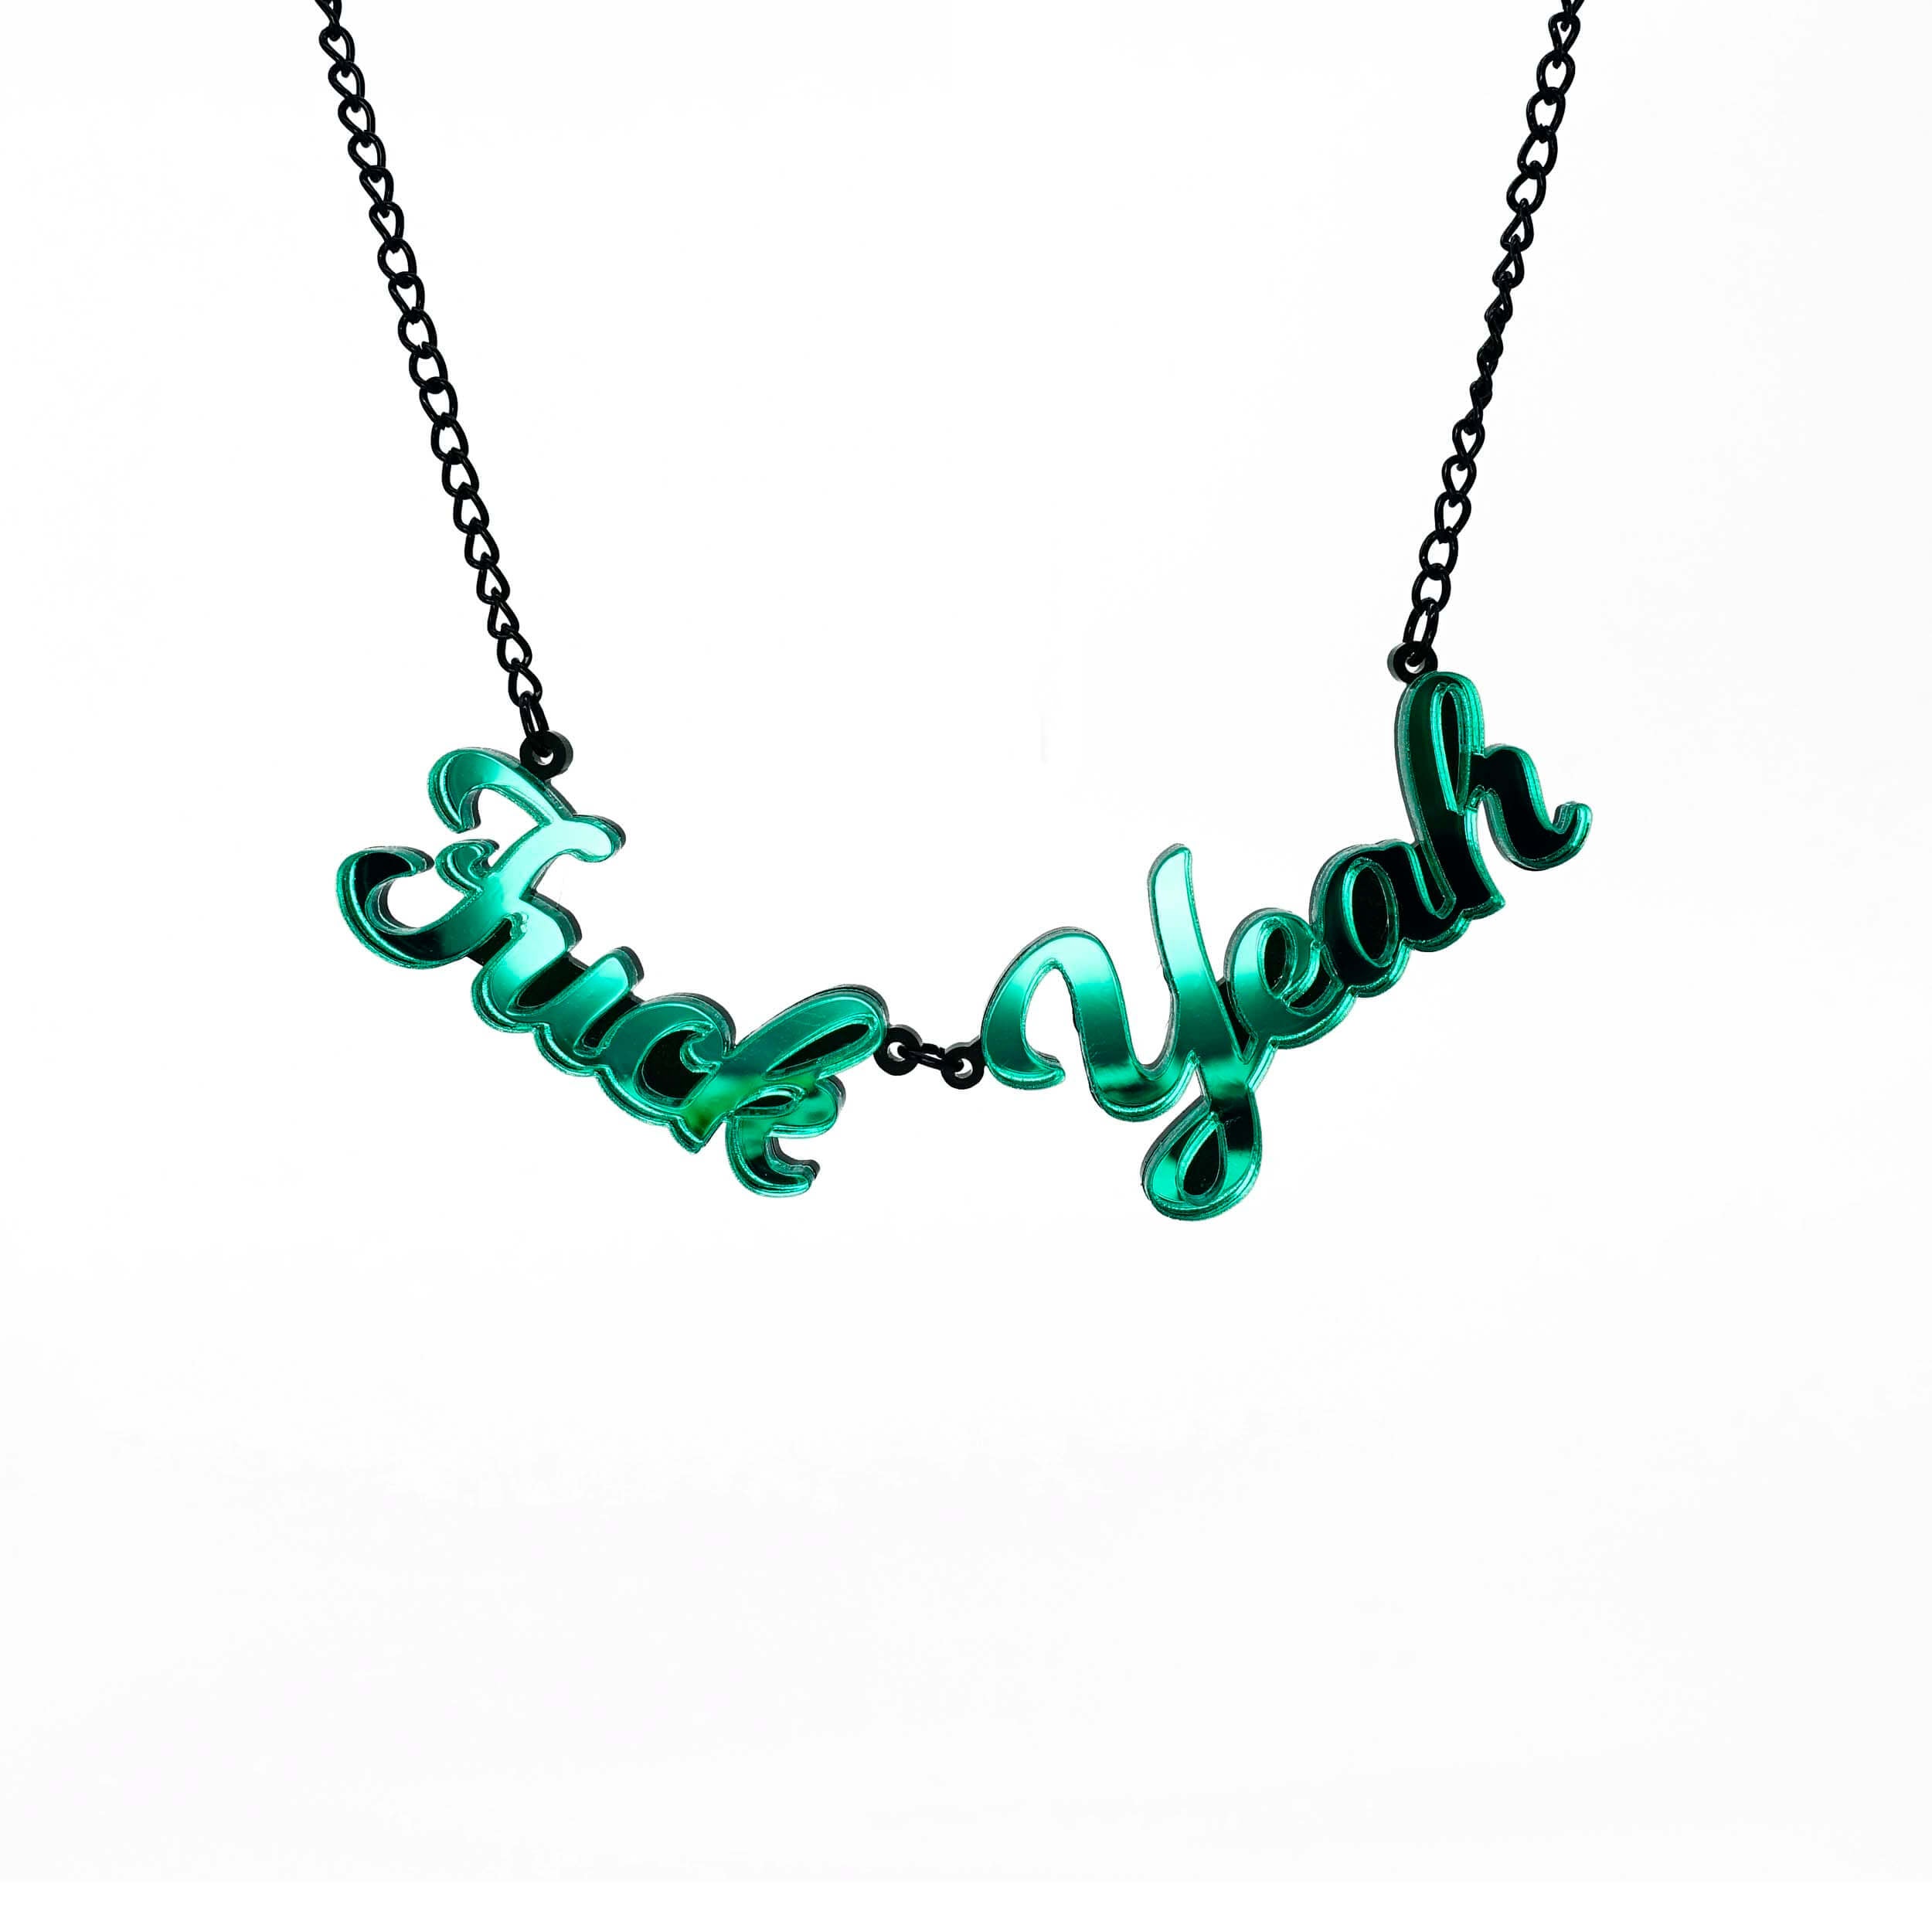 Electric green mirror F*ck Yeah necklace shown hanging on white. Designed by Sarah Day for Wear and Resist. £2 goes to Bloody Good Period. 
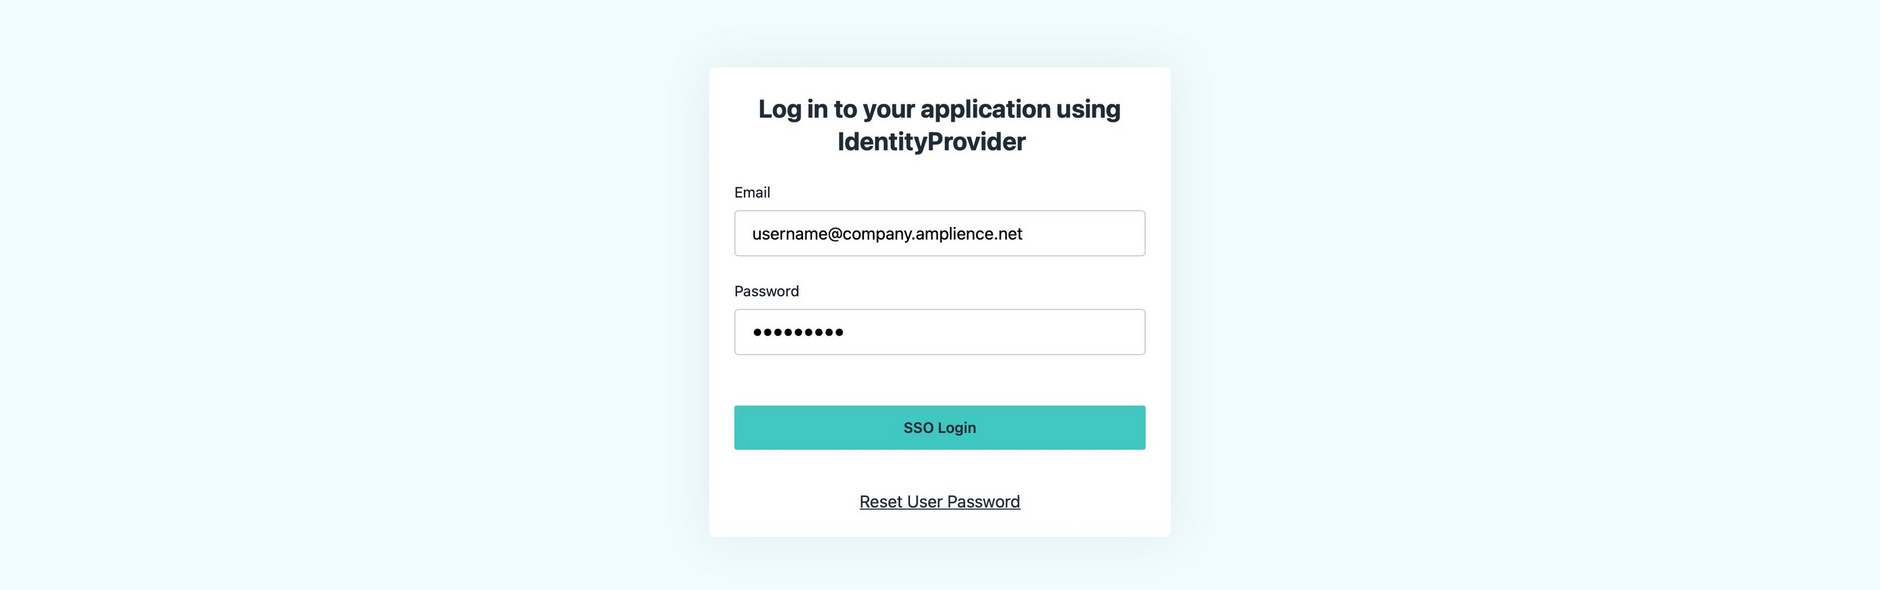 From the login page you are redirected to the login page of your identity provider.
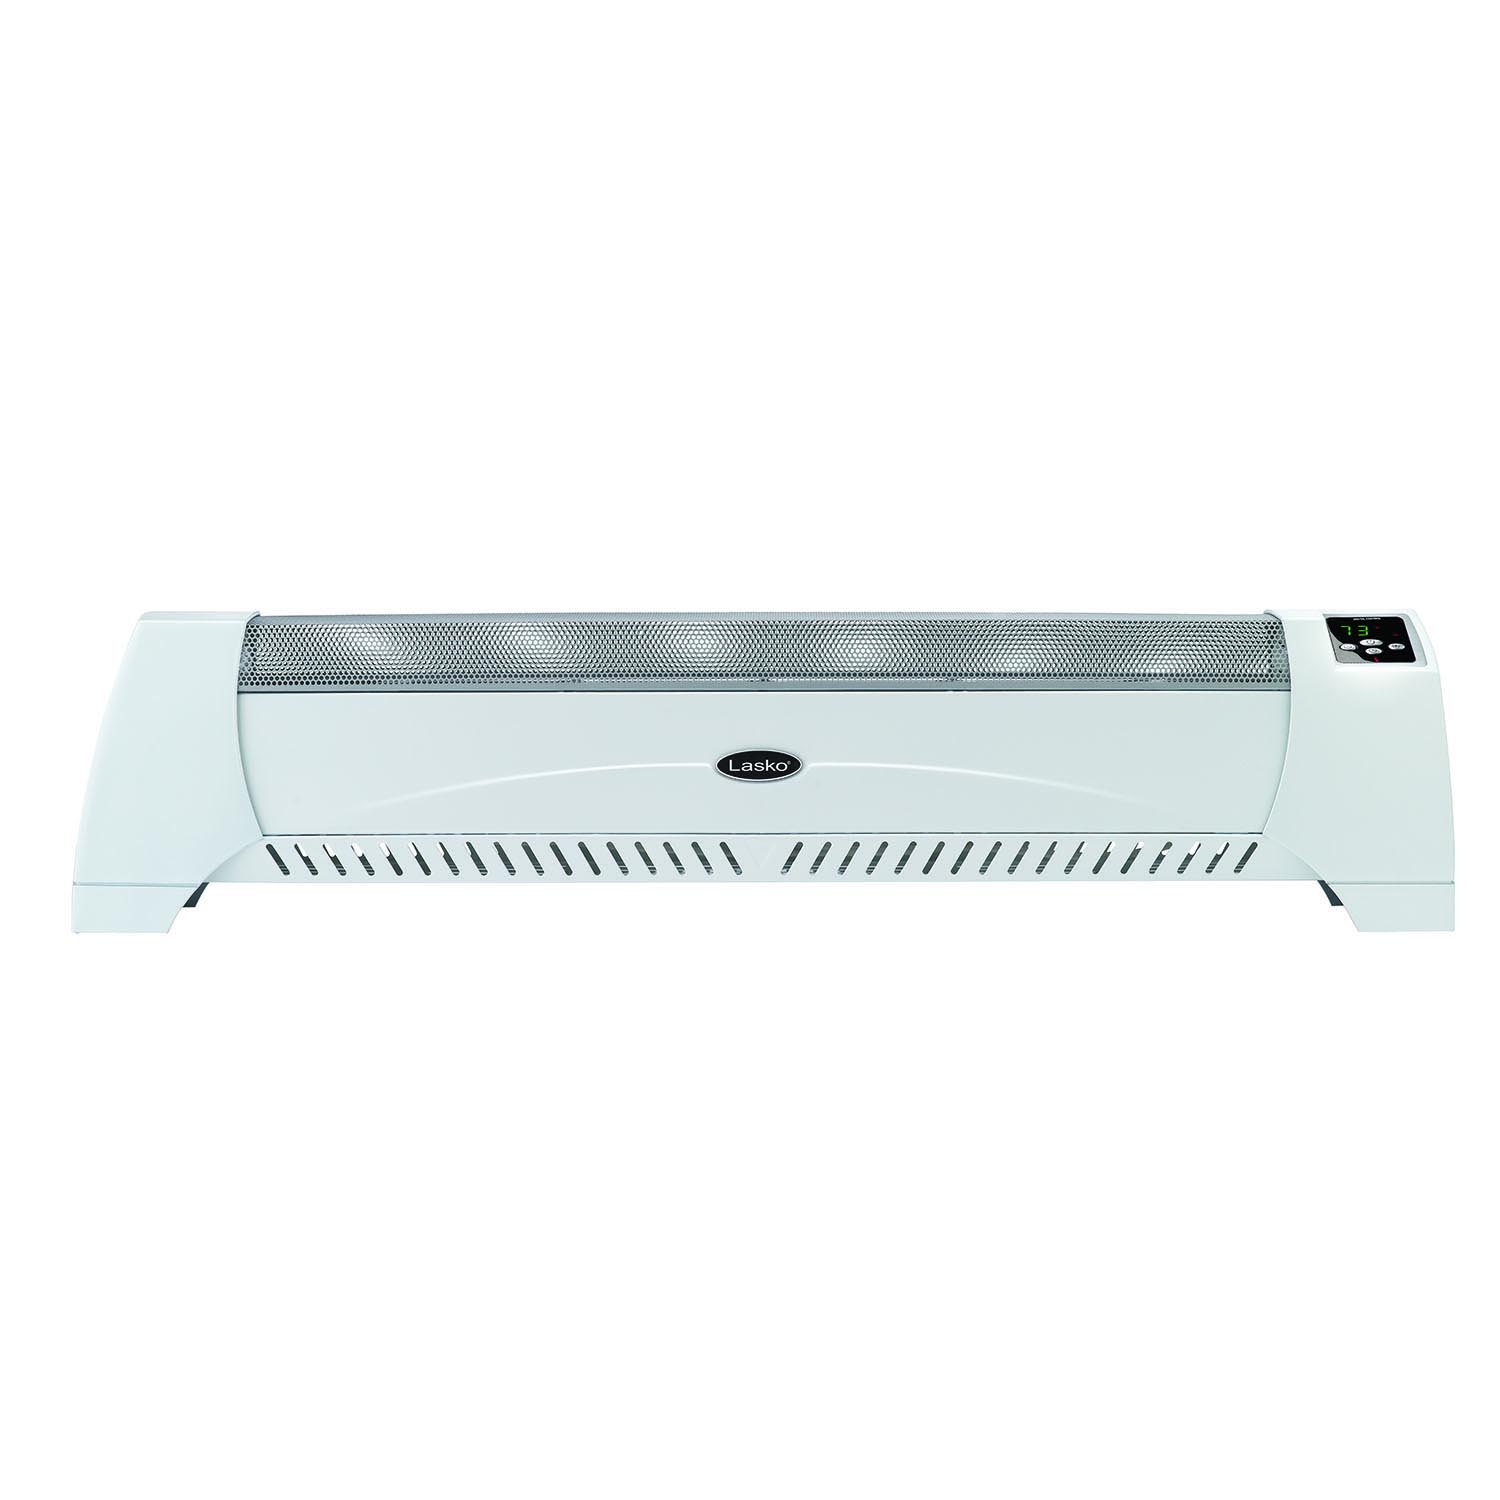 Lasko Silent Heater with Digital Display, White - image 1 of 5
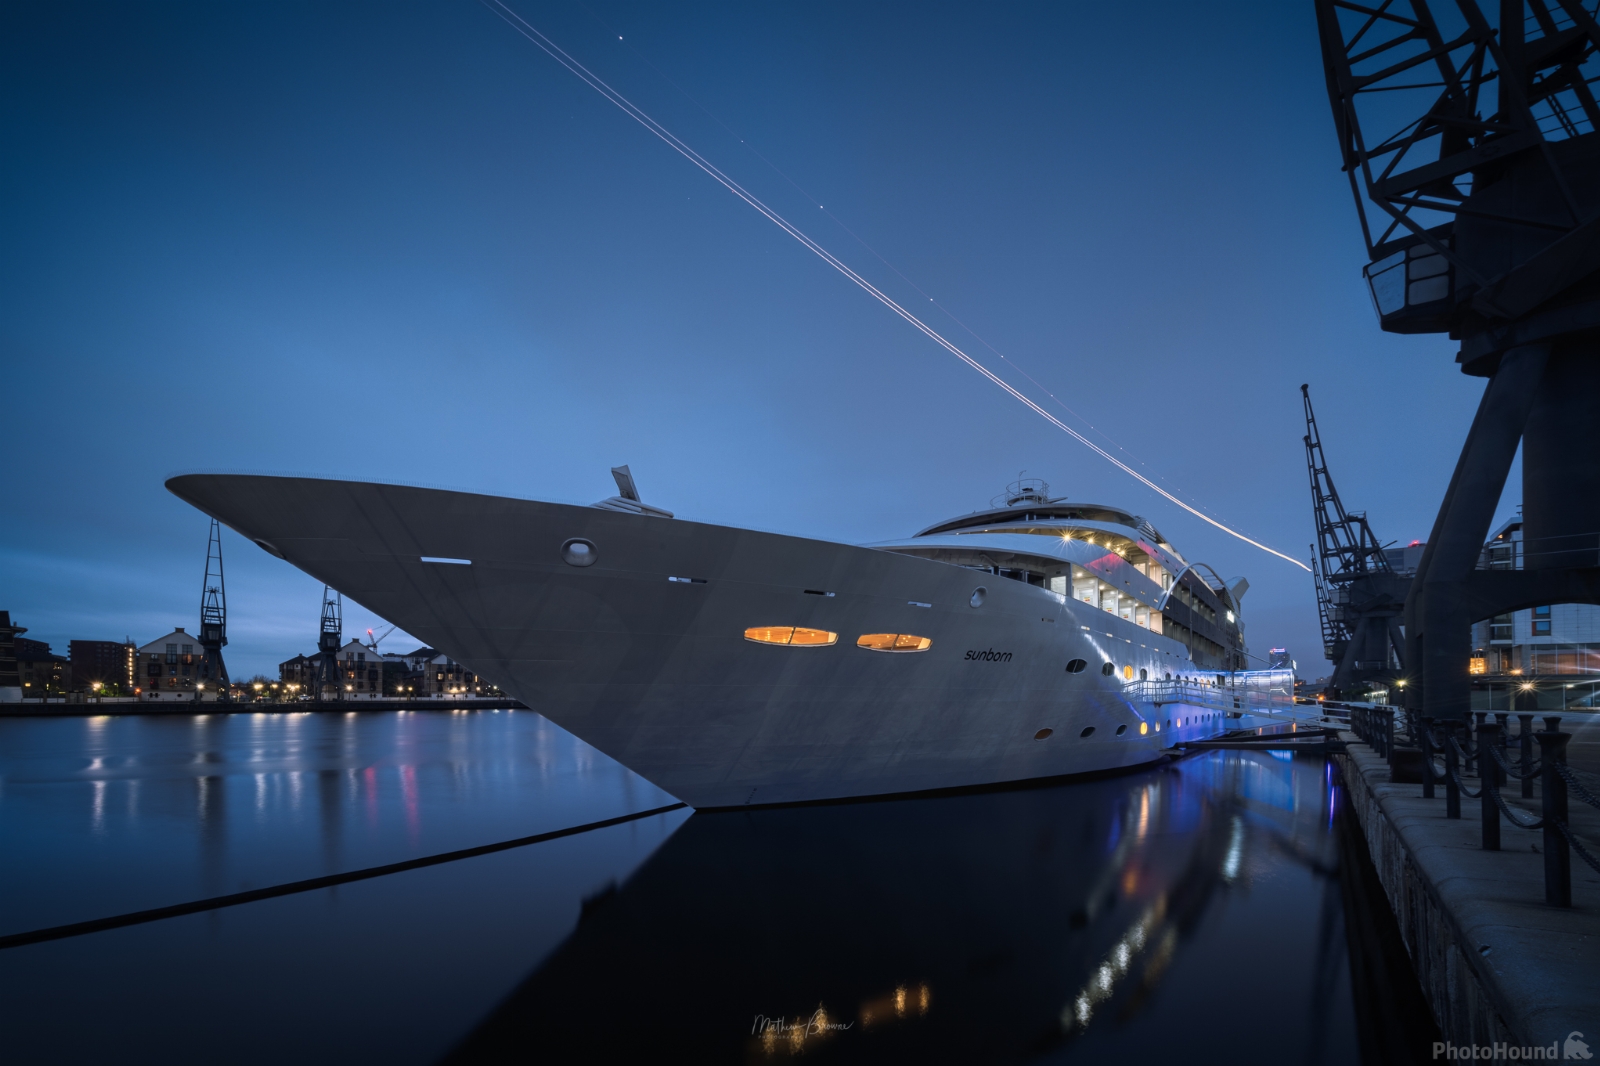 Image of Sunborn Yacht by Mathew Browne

+ + + + + + +

#### [Work item]
Each line of the listing above must be given again exactly; the pictures are to be left out.

#### [Solution]
 Electric green mirror F*ck Yeah necklace shown hanging on white. Designed by Sarah Day for Wear and Resist. £2 goes to Bloody Good Period. 
 From the login page you are redirected to the login page of your identity provider.
 Lasko Silent Heater with Digital Display, White - image 1 of 5
 Image of Sunborn Yacht by Mathew Browne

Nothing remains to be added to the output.